The fundametal criticism of GPT-3

Much has been written and discussed bout the truly world-changing possibilities of OpenAI’s GPT-3 on society. It is a highly immersive autoregressive language model which uses deep learning to produce human-like text and can produce texts in-distinguishable from those produced by human authors. The New York Times has described it as “by far the most powerful language mode ever created.” MIT Technology Review article by W. D. Heaven called it “shockingly good — and completely mindless.” GPT-3 stands for “Generative Pre-trained Transformer 3. Transformers are language models trained on sequential data to encode and decode the language into an abstract vector structure. GPT-3 can perform almost all kinds of operations involving text input, such as write songs, poems, articles, creative fiction, etc.
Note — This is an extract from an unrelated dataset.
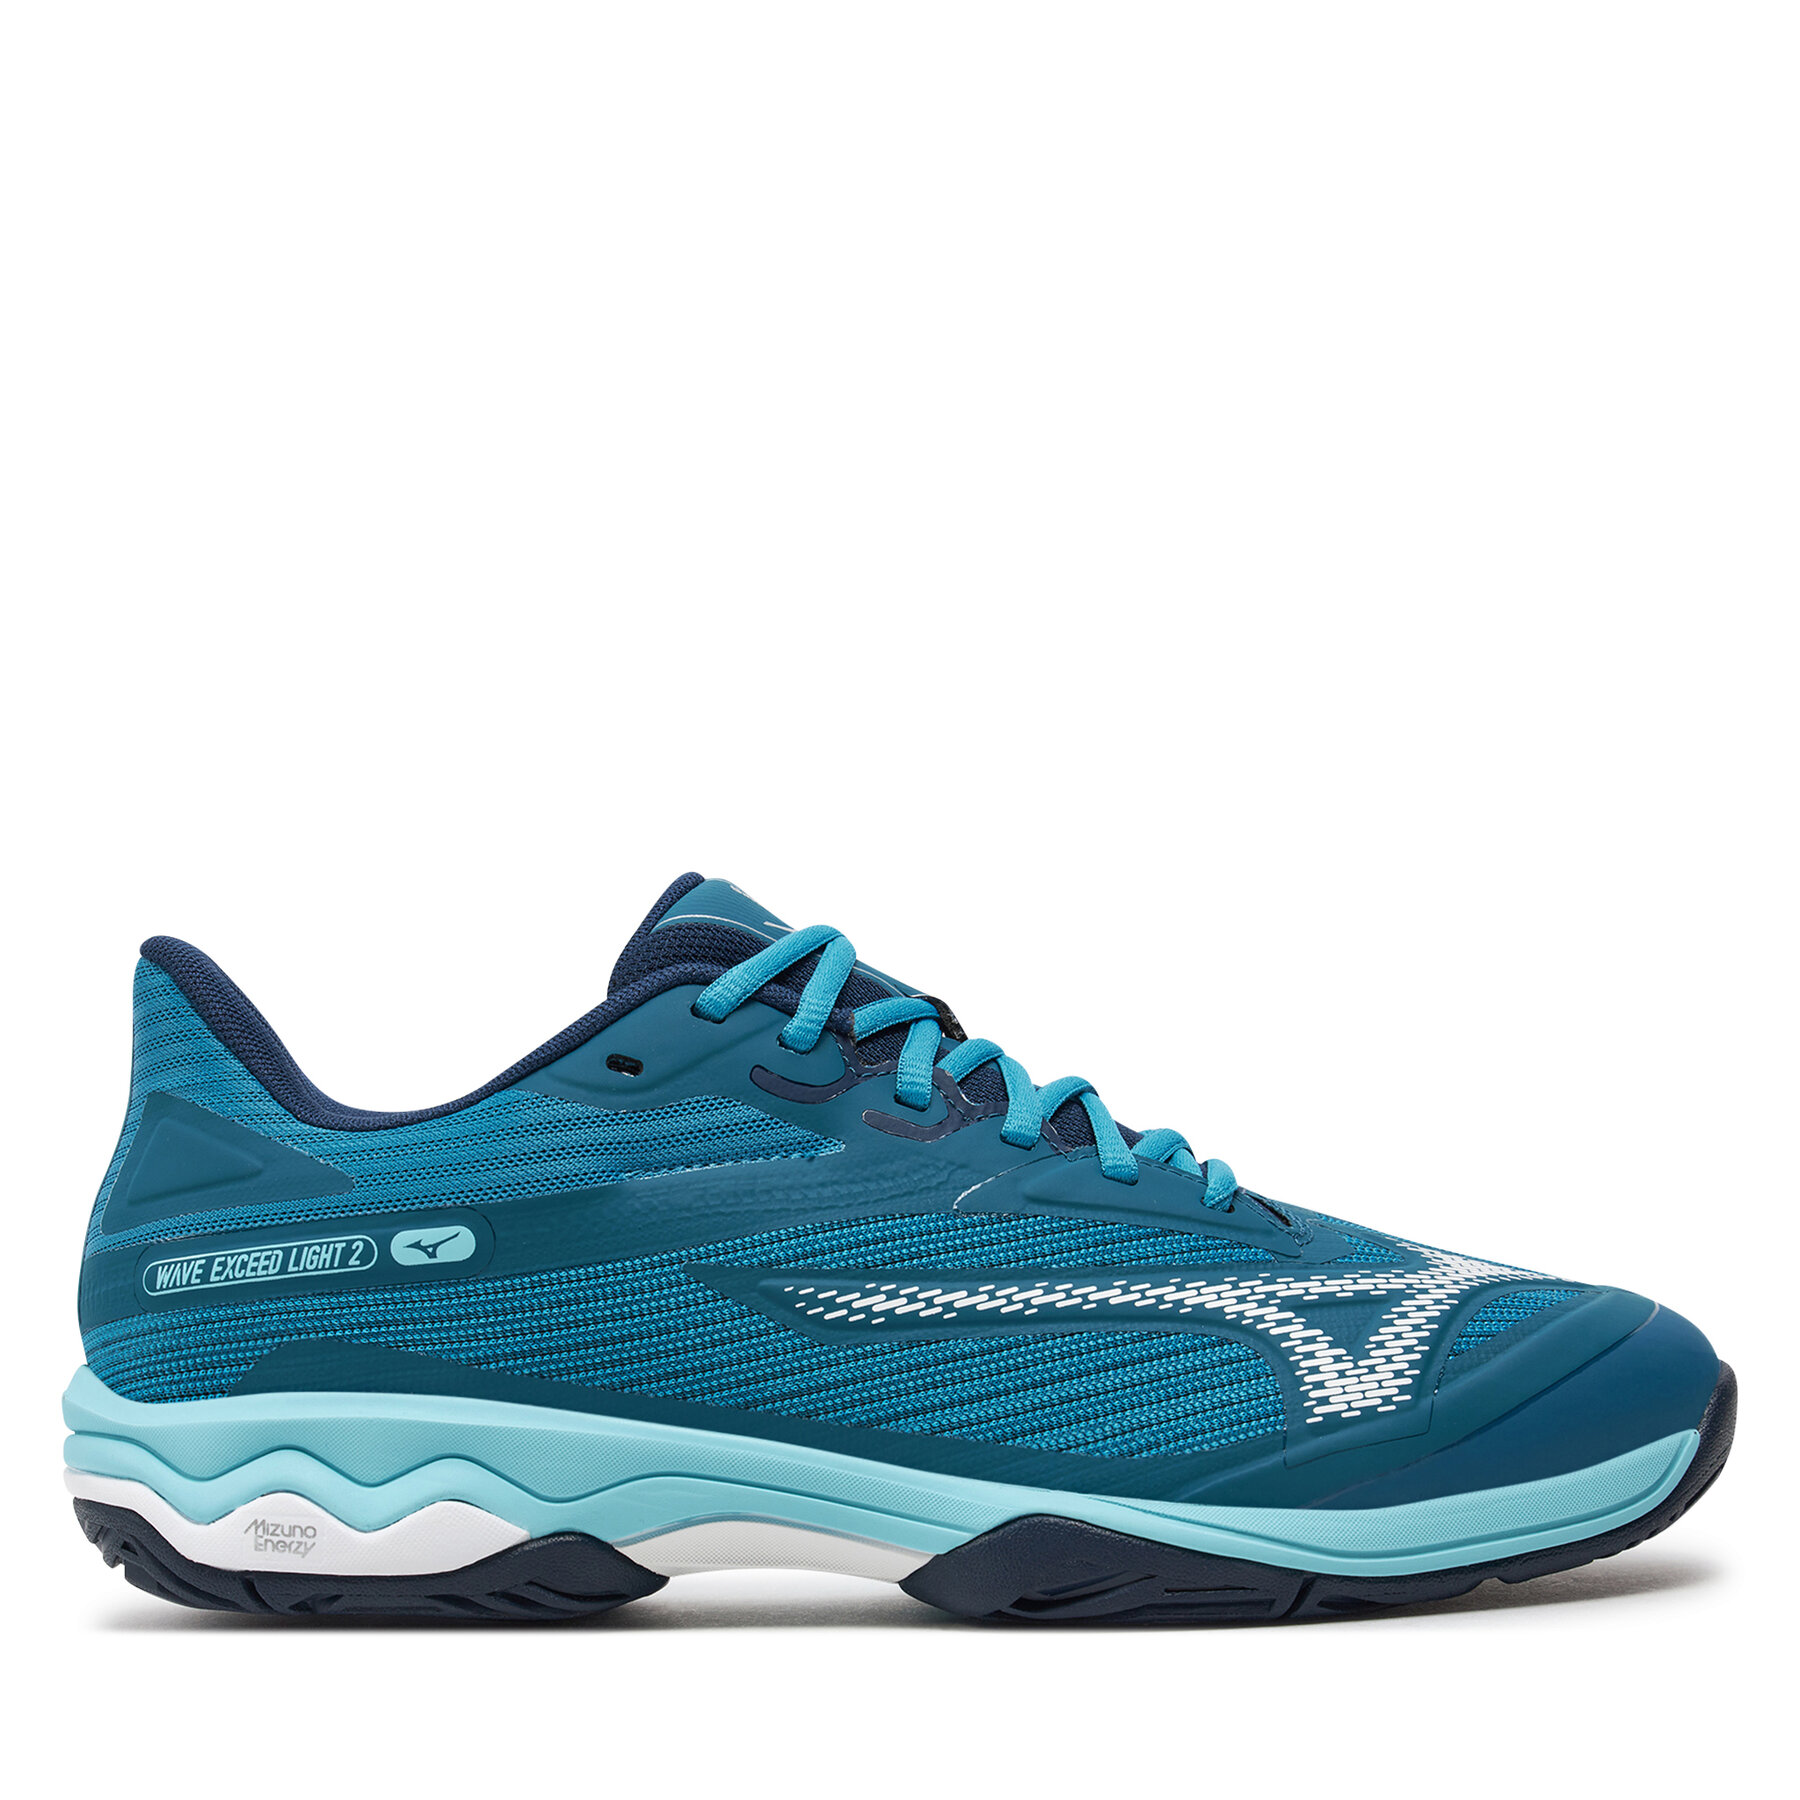 Schuhe Mizuno Wave Exceed Light 2 Ac 61GA2318 Moroccan Blue/White/Bluejay 27 von Mizuno

In 2020, Microsoft laid off several journalists for the news-site MSN. Automated bots will replace these journalists to write and produce reports. In August 2020, Guardian newspaper produced the first major news article written exclusively by GPT-3. Many call it the next great breakthrough in text processing after the creation of word processors in 1979. However, despite these awe-inspiring features, the overall OpenAI approach is still criticized by some industry leaders.
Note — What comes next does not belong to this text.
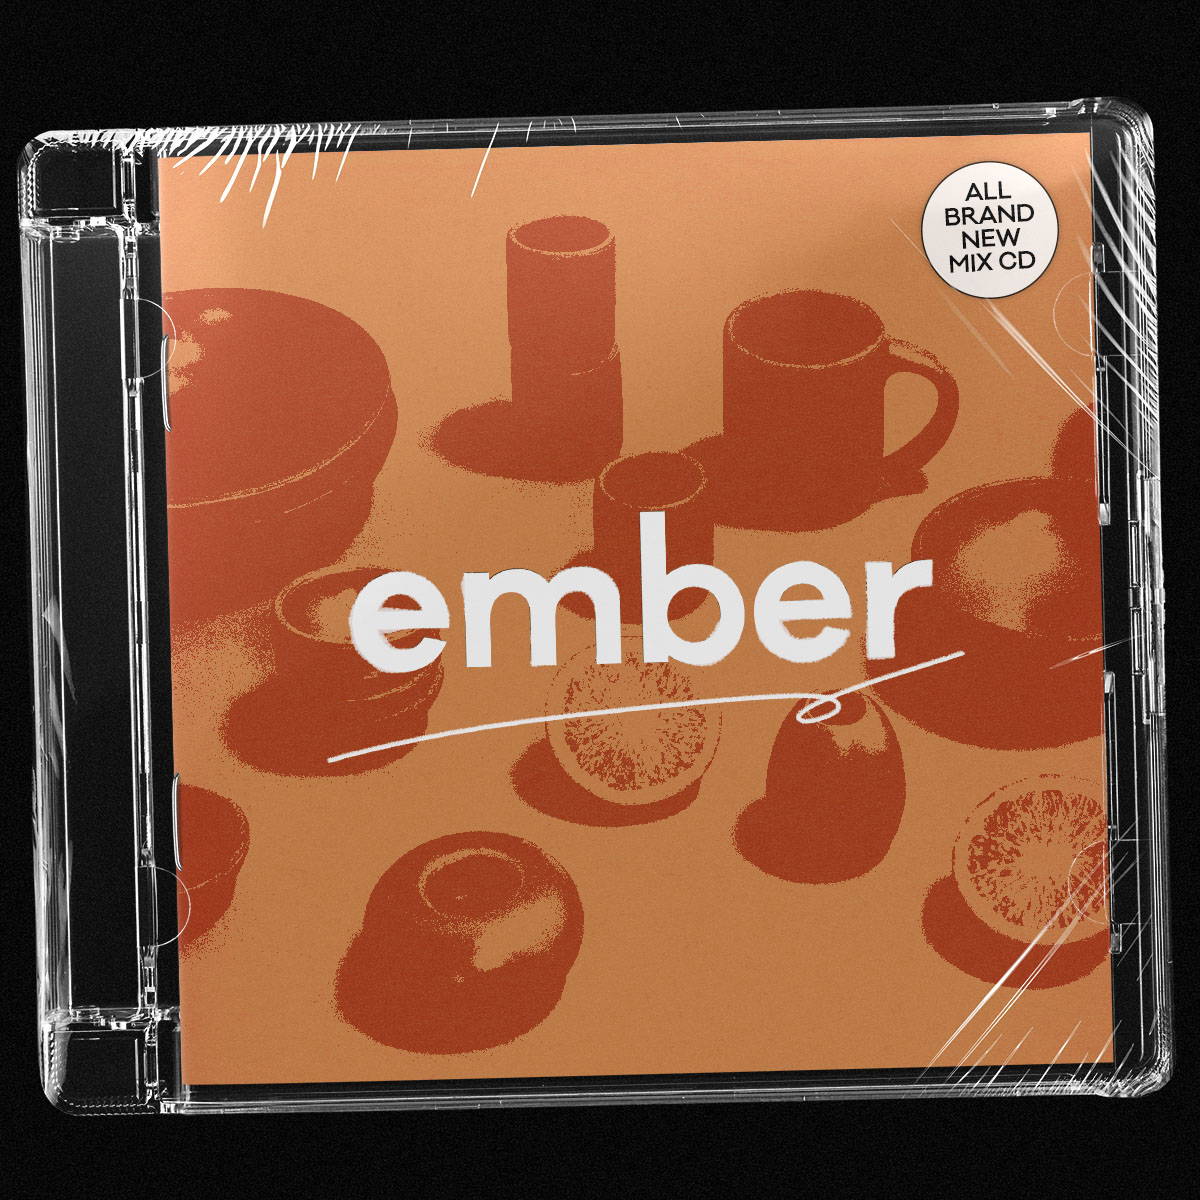 East Fork Ember playlist on Spotify

The fundamental criticism of GPT-3 is similar to the age-old debate of the difference between “understanding” and “knowledge”. The discussion focuses on the part GPT-3 “know” and the part it “understands.” The idea can be traced back to the famous Turing test hypothesis. So, given a task or question, a sufficiently intelligent agent produces indistinguishable results from ones made by a human agent.

However, it is noteworthy that Turing imagined the test as a game of questions called “imitation game”, and was not meant to create a statistical generalization as often popularized. Also, an agent winning the test is not a sufficient condition for judging the system to be “intelligent”. A lawnmower cutting grass and imitating humans is not considered intelligent. The main premise of Turing’s argument was that artificial agents will be able to create the eventual outcome as humans, and will never exactly have each and every characteristic of the human mind and complete model of reality as humans do.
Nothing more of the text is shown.